Решение вернуться спонтанно созрело во время одной из шумных парижских вечеринок, под веселые пьяные выкрики развлекающихся гостей.

Все началось с какого-то абсурдного и ничего не значащего замечания, которое он по причине плохого настроения воспринял как личное оскорбление.

По выражению лица спорившего с ним господина Вирджил понял: еще одна реплика с его стороны и дело кончится дуэлью.

Он дрался на дуэлях неоднократно, но каждый раз за дуэлью следовали страдания.

Баронс-Холл был наполнен призраками и воспоминаниями.

Вот отец, строгий, отдающий приказания мужчина, считавший Вирджила ребенком, не способным ни на понимание, ни на обиду. Вот мама, а вот и он сам; вот садовники, лес, сладкий аромат цветов…

Каким же он оказался простаком, каким неисправимым идеалистом! Та, которую он боготворил и почитал превыше всех на свете, в конце концов выпустила ядовитые когти и зубы.

Он вспомнил, как увидел ее впервые.

«Сегодня вечером ты должен поехать со мной, — сказал ему отец в этой самой комнате, — поприветствовать маркизу Линмаус. Представь себе, маркиз — мой старинный друг — женат уже три месяца, а я до сих пор не удосужился найти время выразить свое почтение его супруге!»

«Неужели это необходимо? Не хочется портить вечер», — попытался отговориться Вирджил.

Он как раз собирался на рыбалку, и перспектива натягивать крахмальную рубашку, втискиваться в узкий фрак и несколько миль трястись в душной карете нисколько его не прельщала.

«Это простая вежливость, Вирджил, — настаивал отец, — к тому же мы не пробудем там долго».

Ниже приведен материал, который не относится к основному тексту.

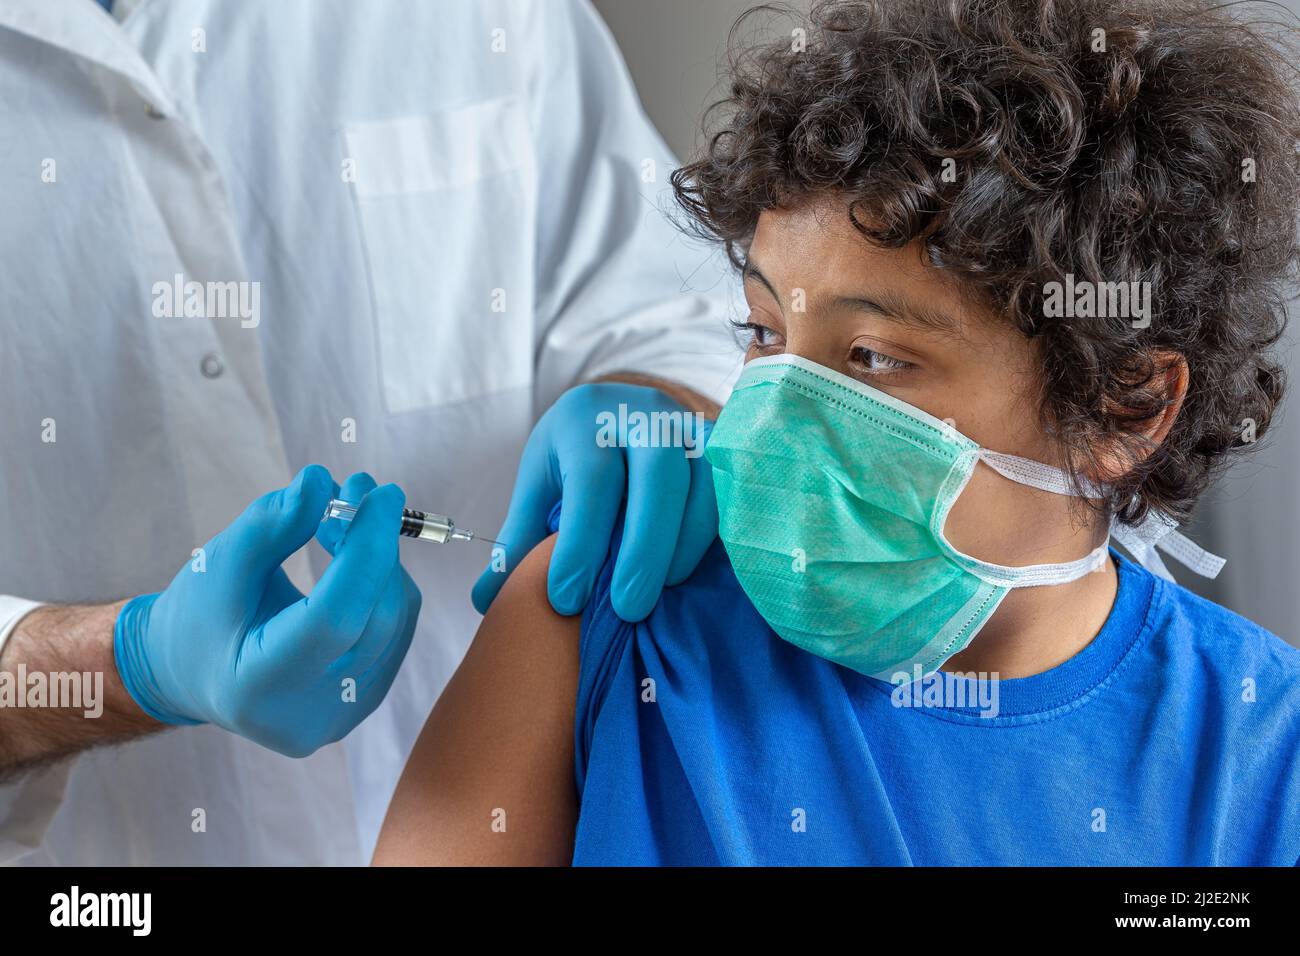 Männlicher Arzt in schützenden Gesichtsmaske Latexhandschuhe geben intramuskuläre Impfung geschützten Arm des Patienten Stockfoto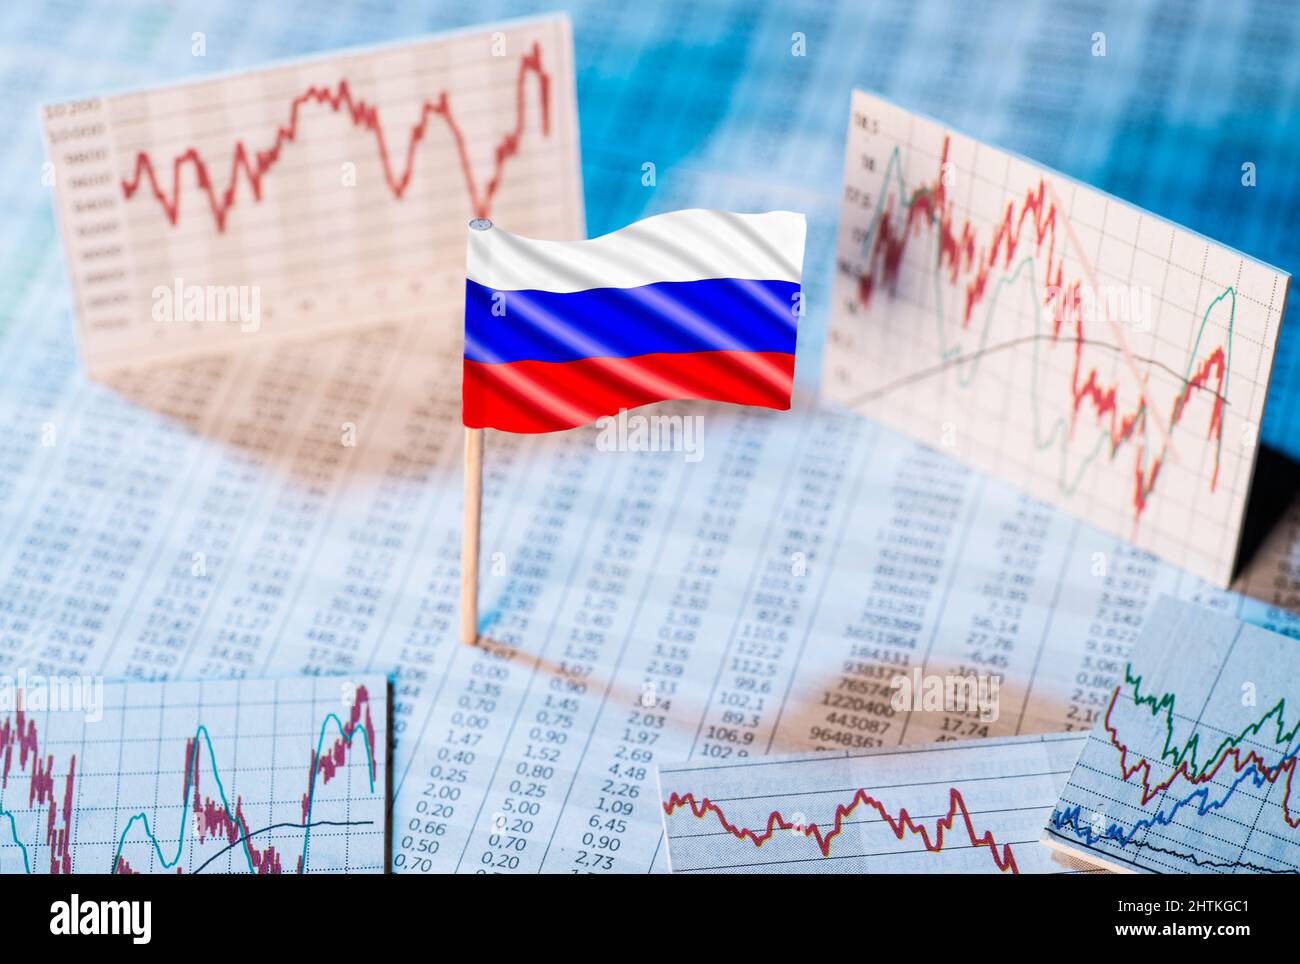 Bandiera russa con tabelle dei tassi di cambio e grafici di sviluppo economico Foto Stock

Вирджилу стало жаль отца: ведь если бы матушка была жива, она бы не отказалась его сопровождать. Он молча пошел наверх переодеваться.

Их владения граничили, и, как узнал позже Вирджил, было множество коротких дорог, по которым можно было туда попасть. Проехав около двух миль по лесной дороге и миновав деревню, отец и сын оказались во владениях маркиза Линмауса.

Замок маркиза оказался безобразным произведением неведомого архитектора, который более всего был обеспокоен размерами, а не формой. Вирджил подумал, что хозяин этого дома должен быть человеком гордым, но начисто лишенным чувства прекрасного. Он знал, что маркиз долгое время был вдовцом.

Маркиз Линмаус был спикером в палате лордов, и правительство ценило его как специалиста по международным отношениям. Со своей новой женой он познакомился во время официального визита в Париж, куда ездил на официальную встречу с премьер-министром Франции.

По правде говоря, Вирджилу было неинтересно.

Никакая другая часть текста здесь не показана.